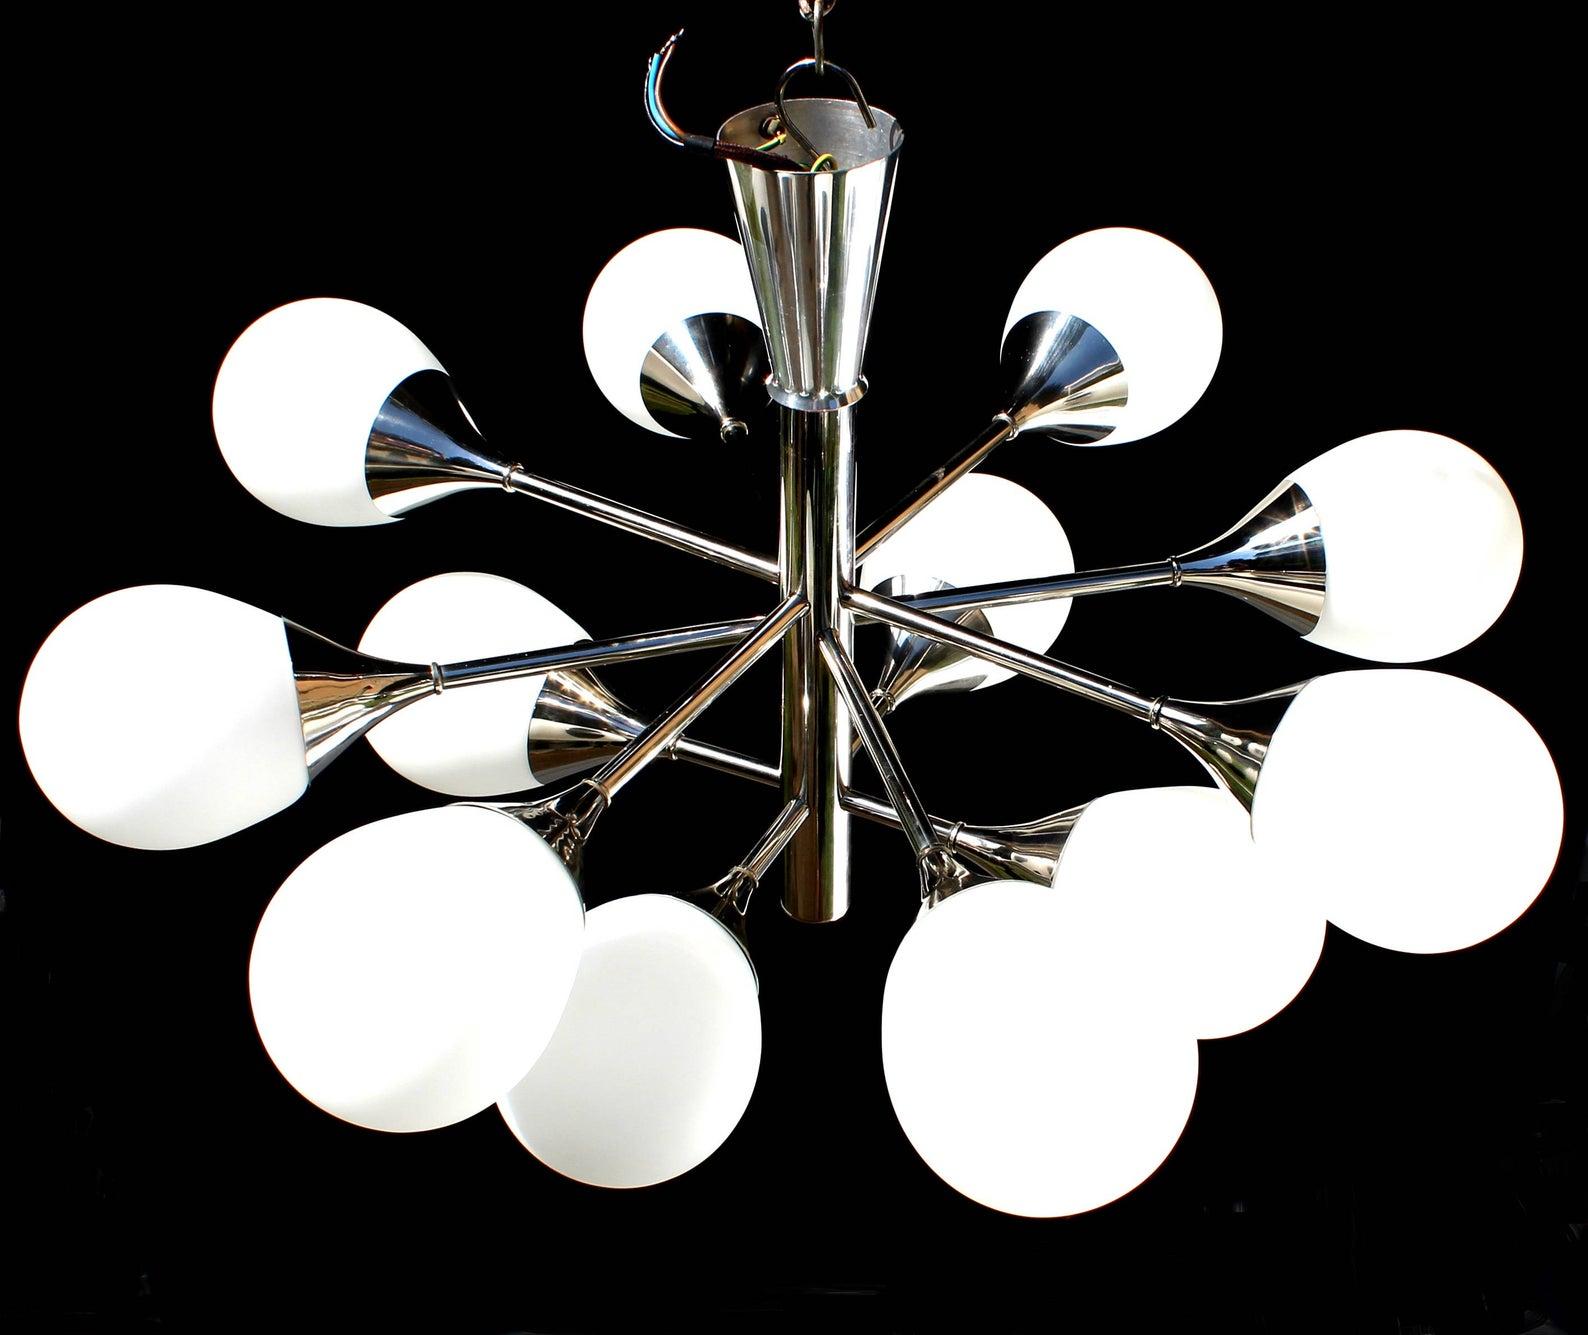 Fine organic Kaiser chandelier with opal glass globes brass chrome with 12-light
Measures: diameter 24
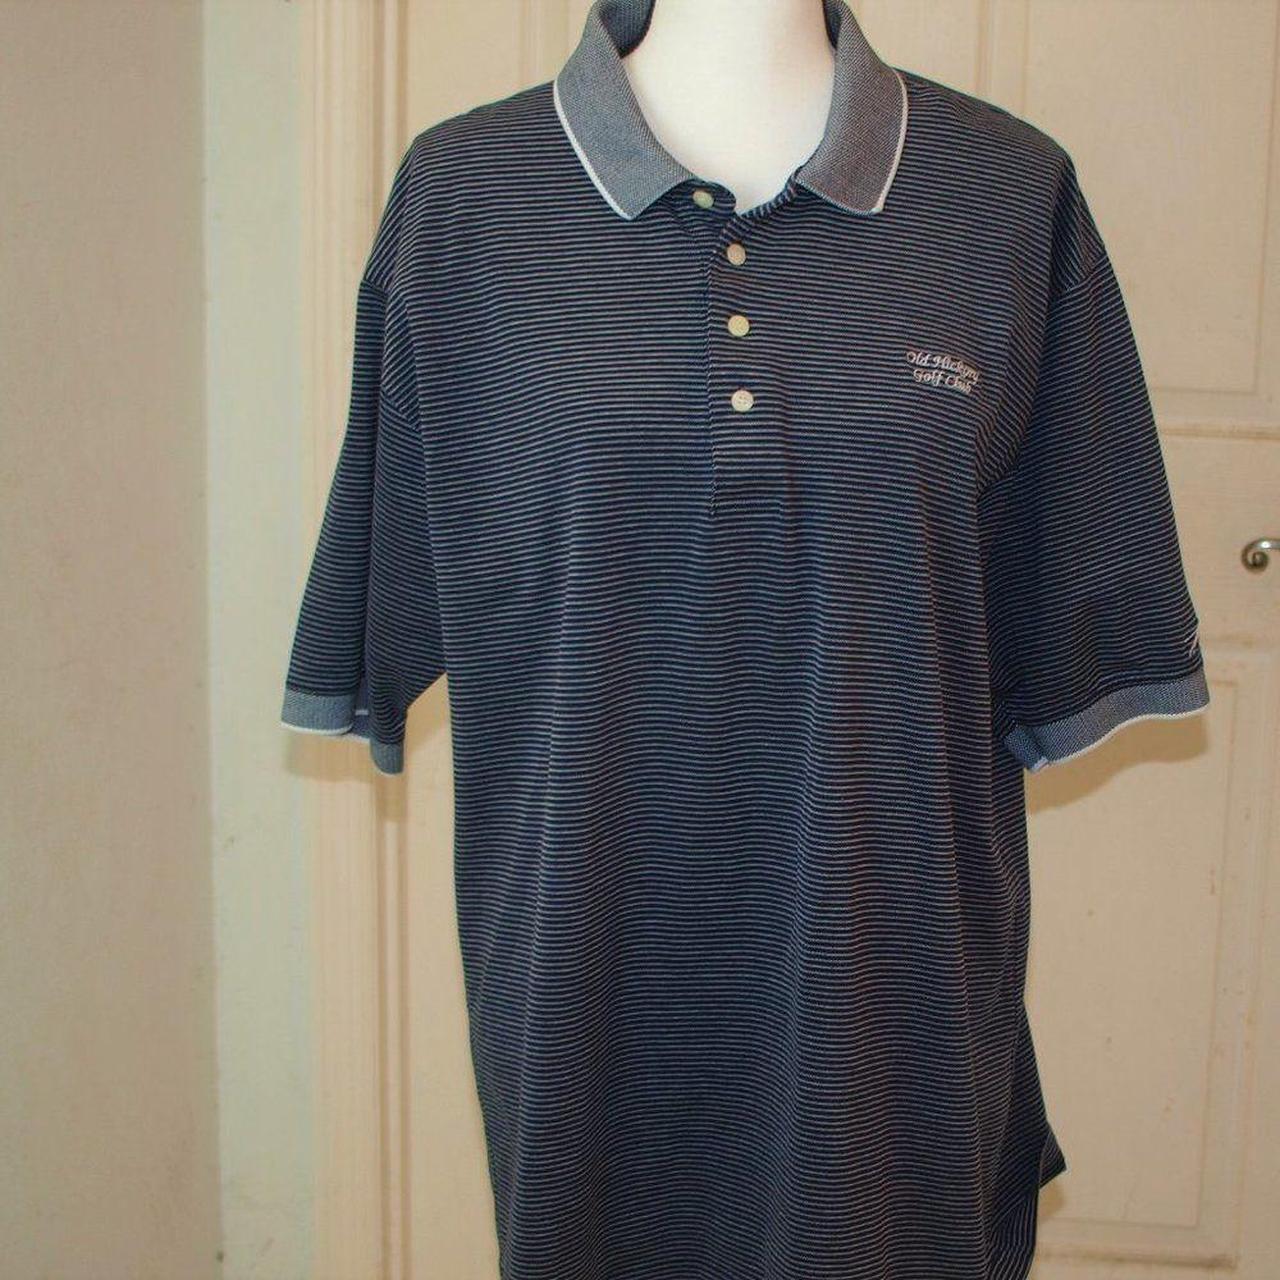 Product Image 1 - Slazenger Black Stripes Golf Shirt
-.-.-
YOUR OBJECTIVE → Retype, word for word, only the line holding "Measures: diameter 24" and the lines after it through the final line of the listing above, and leave every picture out.

EXERCISE RESULT →
Measures: diameter 24
 Product Image 1 - Slazenger Black Stripes Golf Shirt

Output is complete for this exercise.